Aluminium yesterday concluded with a slight increase of 0.2% at Rs 255.7, bolstered by robust speculative purchasing and a constricting near-term supply situation. LME inventories experienced a significant decline, as primary aluminium stocks dropped by nearly 100,000 tonnes in the initial third of the month, reaching a total of 375,000 tonnes, indicative of swift physical demand.
In August, global primary aluminium production experienced a year-on-year increase of 0.9%, reaching 6.277 million tonnes. Concurrently, China’s domestic production saw a rise of 1.22% year-on-year and 0.33% month-on-month during the same period.

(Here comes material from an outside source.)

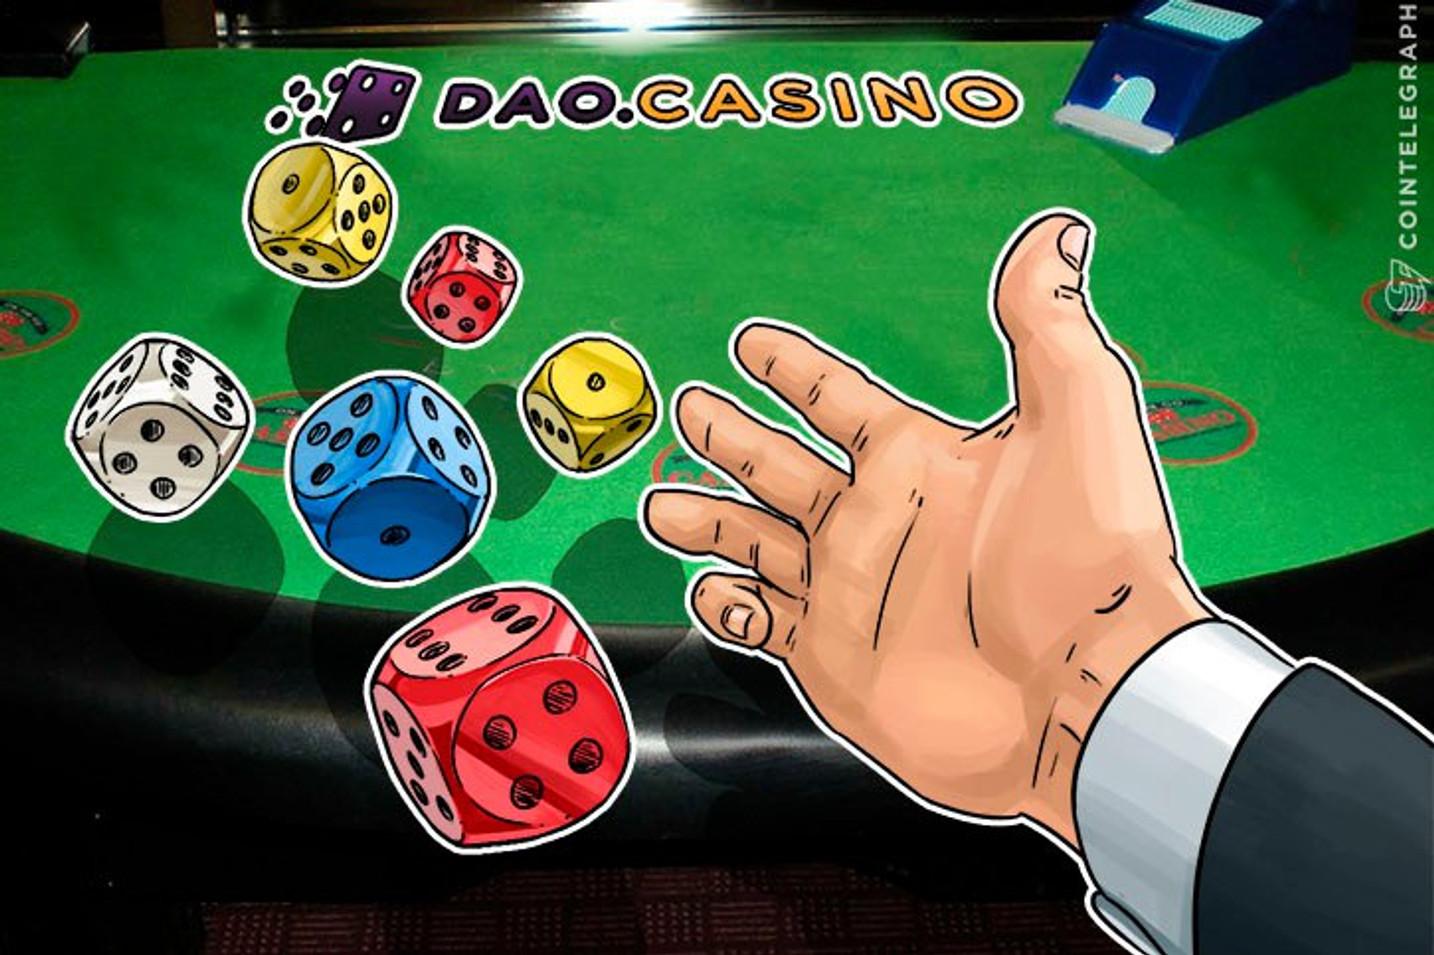 Prototype for Blockchain-Based Gambling Protocol Released

Global fundamentals remained constrained as WBMS reported a deficit of 119,900 mt in July, while the cumulative January–July shortfall expanded to 985,300 mt, underscoring a supply gap as consumption exceeded production.

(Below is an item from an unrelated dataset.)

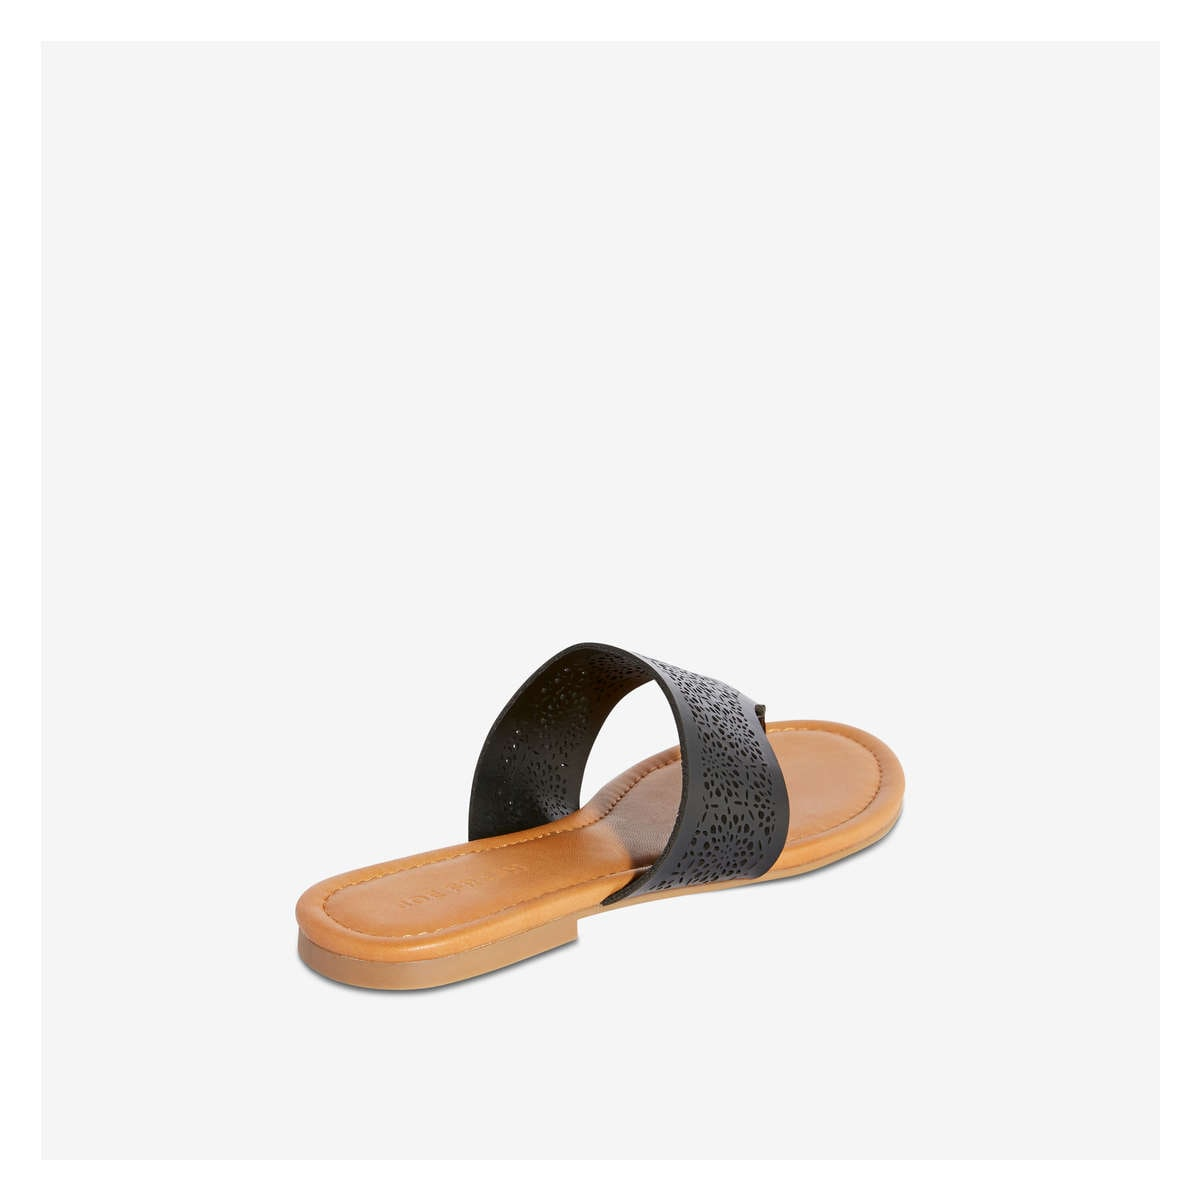 dc2c9169881 Laser Cut-Out Thong Sandal in Black from Joe Fresh

In Japan, aluminium stocks experienced a month-on-month increase of 6.3% in August, while the cancellation of licenses by Guinea Alumina has heightened supply concerns for significant smelters such as Emirates Global Aluminium. In the interim, inventories at the Shanghai Futures Exchange experienced a decline of 0.6% compared to last Friday. In July, Chinese exports of unwrought aluminium and related products increased to 542,000 tonnes, up from 489,000 tonnes in June. Imports experienced an uptick, with August volumes reaching 320,000 tonnes, reflecting a 12.9% increase compared to the previous year.

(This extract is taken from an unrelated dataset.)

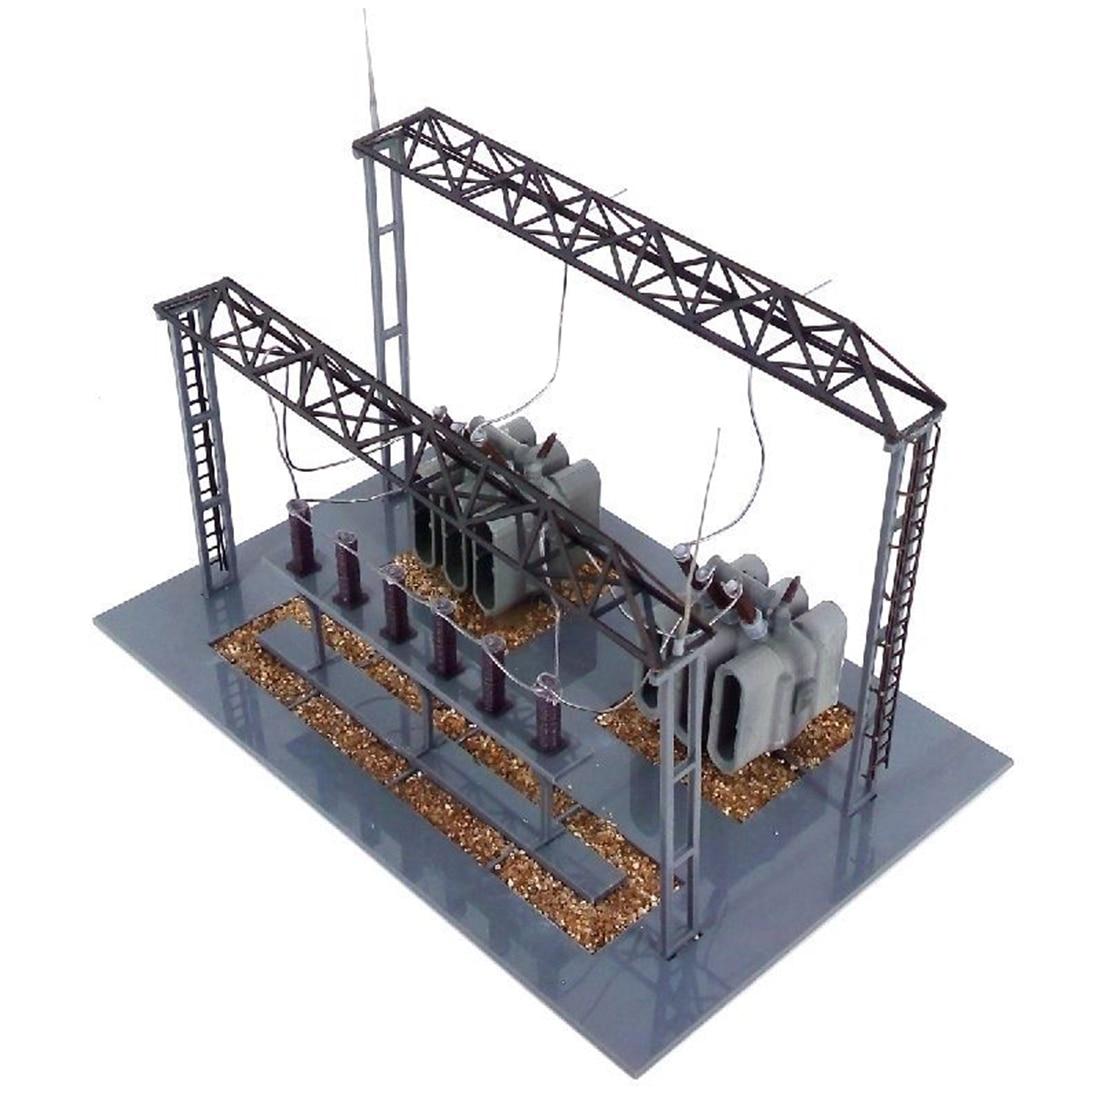 NFSTRIKE 1 87 HO Skala Zug Modell Umspannwerk Modell Für Sand Tabelle Ho Skala Modell Zug Zubehör

From a technical perspective, the market is experiencing short covering, evidenced by a decline in open interest of -17.31% to 2116, while prices have shown a slight increase. Aluminium is currently supported at Rs 254.9, with potential for further decline to Rs 254.1. Resistance is identified at Rs 256.2, and a breakout above this level could propel prices towards Rs 256.7.